Furniture, computers, televisions, dishes, and glasses must be well protected and packed to prevent them from breaking during transport. When transporting plants, it is essential to pack them well and pay particular attention to the transport conditions and ambient temperatures. To help you with this task, we’ve put together our best tips for keeping your plants safe during your move.

When is the best time to move your plants?

The seasons are very important if you want the best move for your plants. For this, you should choose the most favorable seasons according to your type of plant, its flowering period, or the period of foliage loss. For indoor plants, summer and spring will be the most favorable seasons to move them, while for outdoor plants, it will be winter.

How to transport your plants?

To facilitate their transportation, small plants can be protected in cardboard boxes adapted to the size of the pot. Indoor plants whose pots are sensitive to shocks should be repotted in plastic pots. If you have plants in your garden and want to take them with you, unfold them and put them in plastic bags. Afterward, you will have to replant them as soon as you arrive.

How to prepare your outdoor plants?

If you have outdoor plants that you want to take with you, it is essential to prepare them one to two weeks in advance. They must be dug up, digging around the roots and keeping a sufficient length to replant them afterward. The roots must then be covered with a cloth (or bag) by tying them around them without tightening too much. Once well protected, place the garden plants in plastic pots with a mixture of soil and peat and water them abundantly after covering them with soil. This way, they will have some time to acclimate to the pot, which is easier than loading the moving truck directly. The smoother the transition, the less waste you will have.

How do I take good care of the plants when they arrive?

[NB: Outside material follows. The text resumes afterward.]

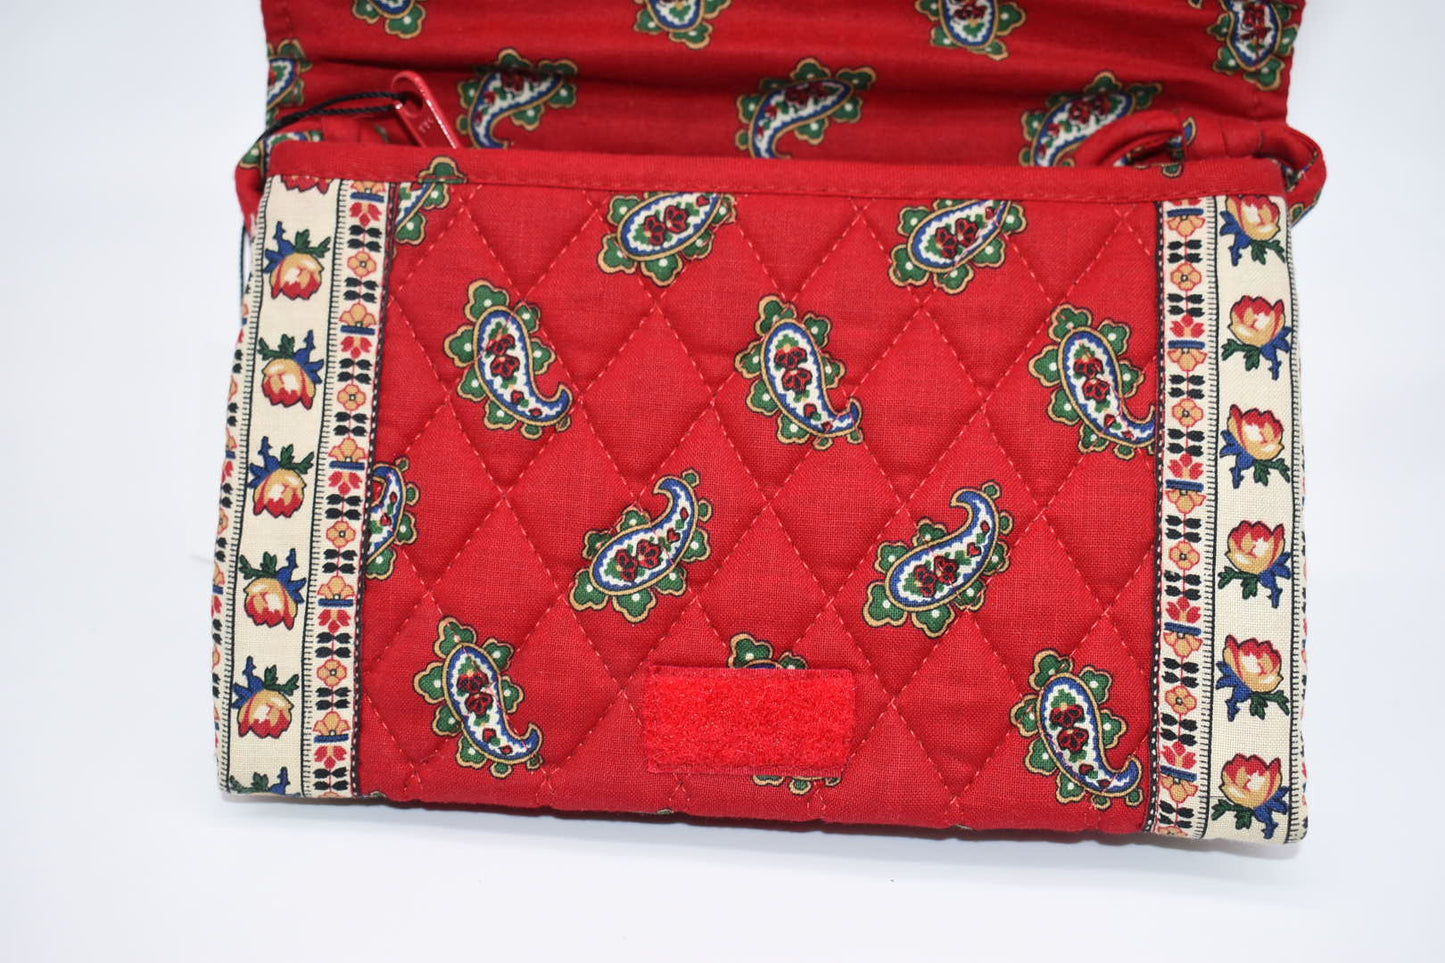 Vintage Vera Bradley Elite Crossbody Bag in "Red -1991" Pattern

Once you arrive in your new home, try to find them a situation similar to the one they experienced previously, with the same light exposure conditions. You will have to let them breathe quickly by taking them out of their bags and boxes. Ideally, you should even replant them as soon as you arrive, making sure that the soil is identical to the one from which you dug them up. Watering should be moderate so that they gradually regain their ideal hygrometry. But above all, don’t hesitate to keep an eye on them to spot the slightest anomaly (browning or yellowing of the foliage, the appearance of spots, softening of the leaves…) and be able to act quickly. The shocks they have suffered during their move are not harmless and will show you if their new environment does not suit them.

Don’t worry, moving plants, whether they come from your garden or your home, is not that complicated. If you’ve taken good care of them throughout the process and followed all our tips, they should easily regain their strength in their new environment.